Chapter 16: Zheng Xuan · Wang Tong


I. Zheng Xuan (127 – 200 CE)

Zheng Xuan (127–200 CE), courtesy name Kangcheng, was a native of Gaomi in Beihai Commandery (present-day Gaomi City, Shandong). He was a master of Confucian classical studies in the late Eastern Han dynasty, dedicating his life to annotating and interpreting Confucian texts. He produced over a million words of commentary, systematizing the classics, and became known as the founder of “Zheng Xue” (the Zheng School). His work unified Confucian scholarship and was considered a pinnacle of Han-era exegesis. In the Tang dynasty, Zheng Xuan was honored as one of the 22 eminent masters in the Confucian temple.

Born 109 years after the death of Yang Xiong, Zheng Xuan represented the Han dynasty’s continuing Confucian tradition. His family had previously held official posts, but by the time of his grandfather and father, they had retired to farming, leaving the household poor. Zheng Xuan was extraordinarily intelligent from a young age. By eight or nine he excelled in arithmetic, and by twelve or thirteen, he could read, recite, and explain the Five Classics (Shi, Shu, Yi, Li Ji, Chunqiu). He also studied astronomy, using observations of celestial phenomena and meteorology for divination. By sixteen, he had mastered Confucian classics and written elegantly, earning the reputation of a “child prodigy.” Due to poverty, he became a minor local official at eighteen, but persisted in intense study. By twenty-one, he had extensively read books and built a deep foundation in classical scholarship.

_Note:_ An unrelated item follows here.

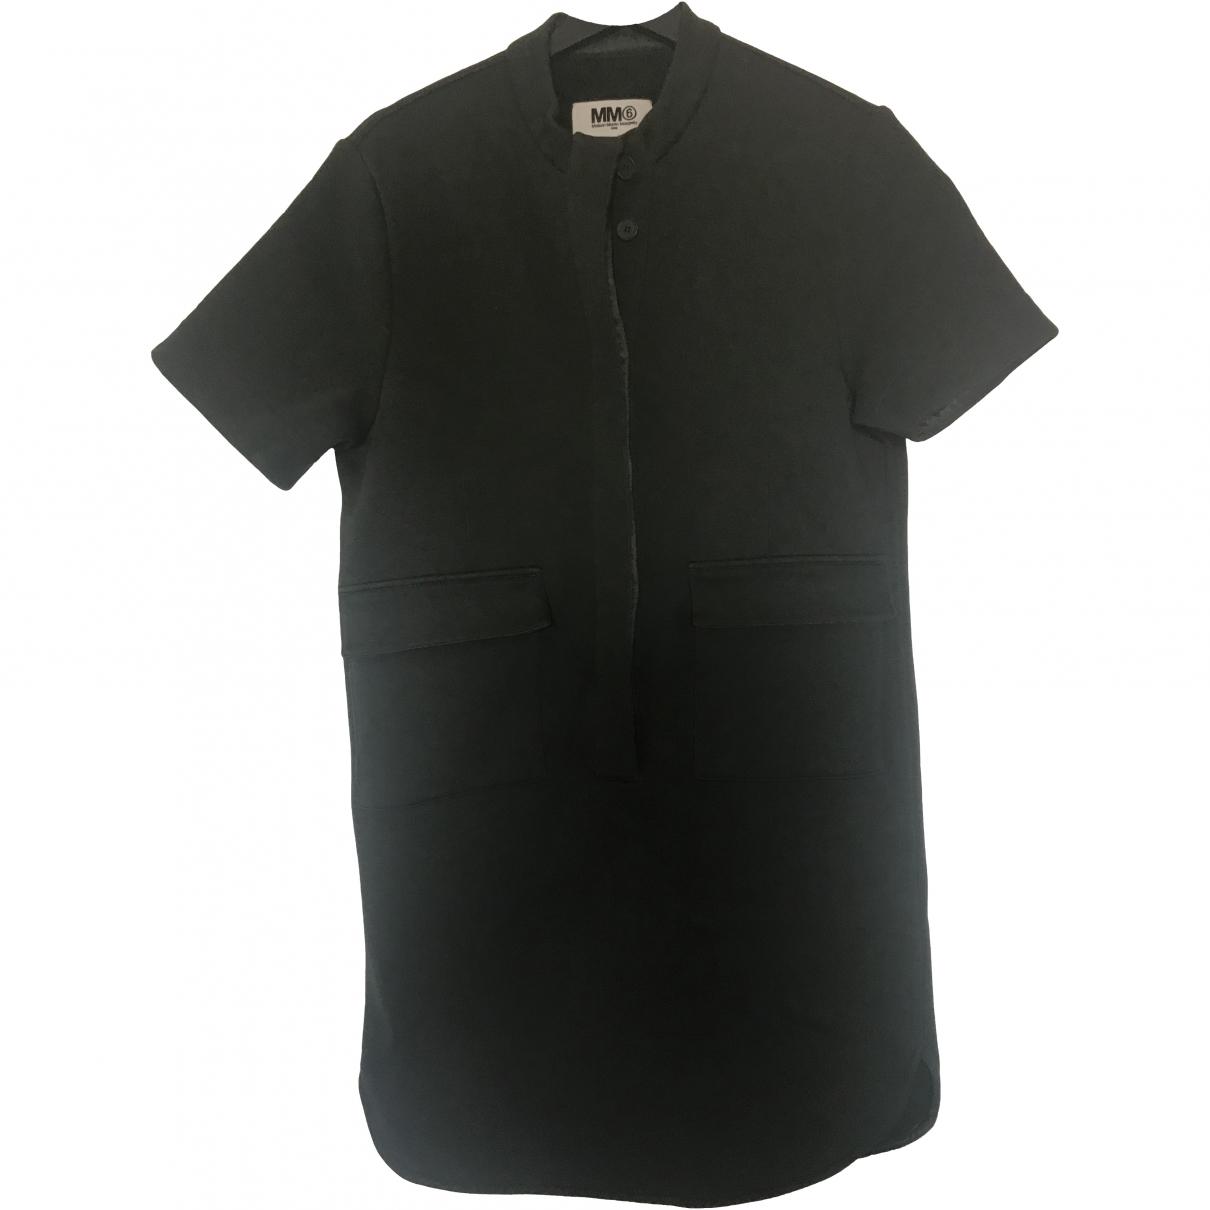 Mm6 \N Khaki Cotton dress for Women M International
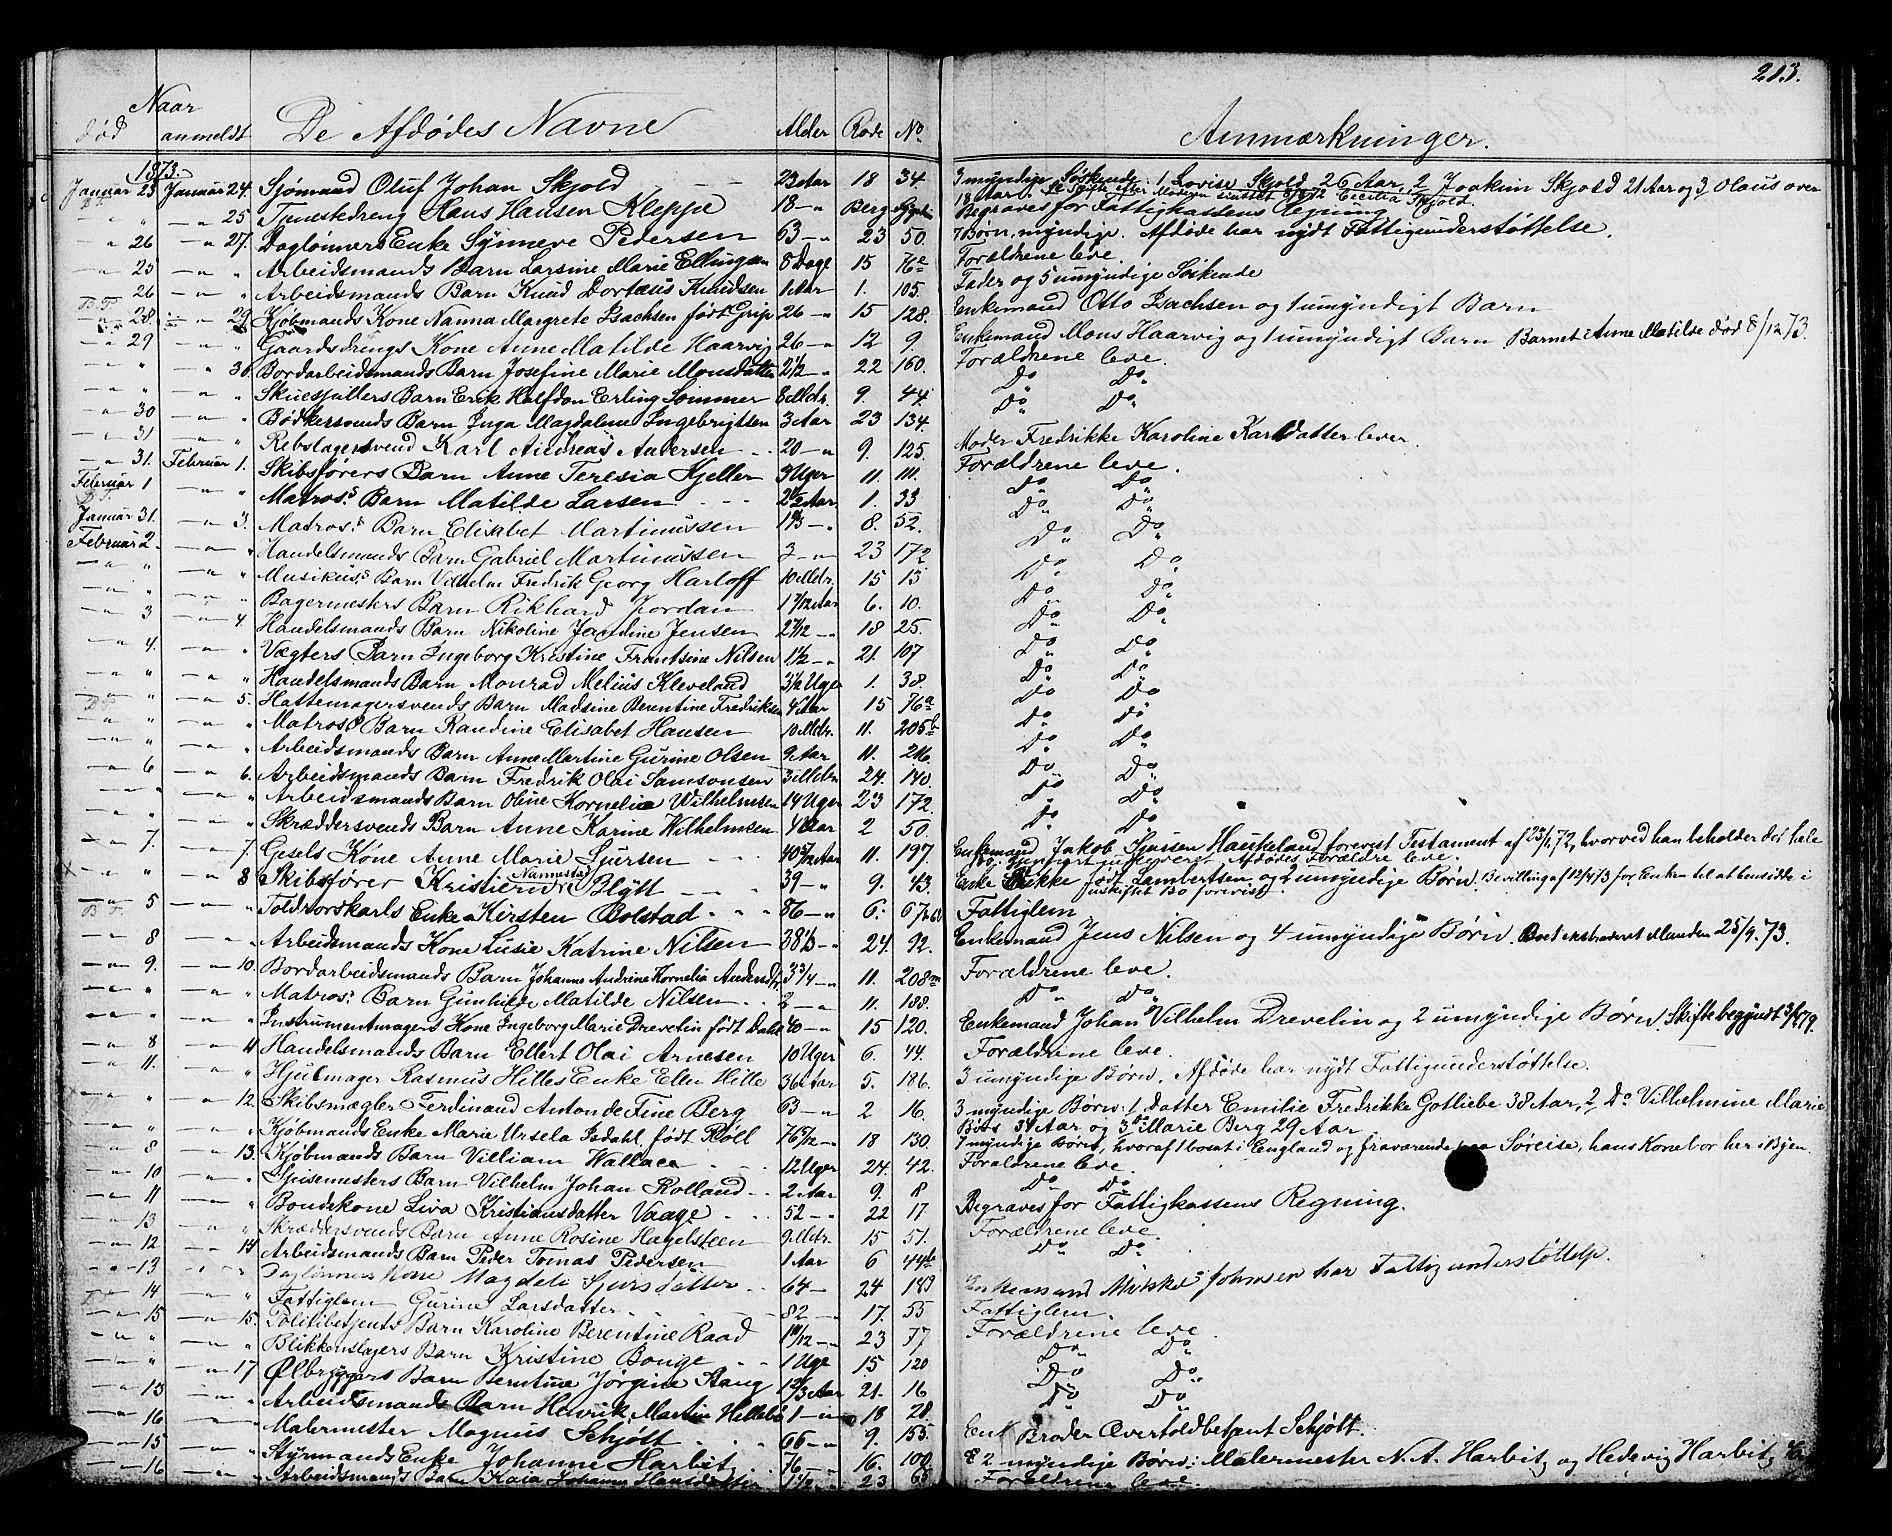 SAB, Byfogd og Byskriver i Bergen, 06/06Na/L0003: Dødsfallsjournaler, 1861-1878, s. 212b-213a

Zheng Xuan’s talent was recognized by the famous scholar Du Mi, who promoted him to Beihai Commandery as a clerk. Zheng Xuan soon resigned, enrolling in the Imperial Academy for further study, and then traveled to You, Bing, Yan, and Yu provinces, seeking learned masters, reading thousands of books, and traveling thousands of miles to pursue the Way. By age thirty, he was the leading Confucian scholar in Shandong, but still sought further learning, traveling west to Guanzhong (Shaanxi). There he studied under Ma Rong, the foremost classicist in Guanzhong, with over a thousand disciples. When Ma Rong and his students struggled with calculations in astronomy, Zheng Xuan solved them on the spot, astonishing Ma Rong, who respected him greatly. Zheng Xuan remained humble, studying under Ma Rong for seven years before returning home to care for his aging parents. Ma Rong remarked: “Now that Zheng Xuan leaves, my Way goes east!” Later he added: “The Shi, Shu, and ritual and music studies have all moved eastward.” Zheng Xuan carried forward Ma Rong’s scholarship, spreading it throughout the eastern Han region, and eventually surpassed his teacher in influence.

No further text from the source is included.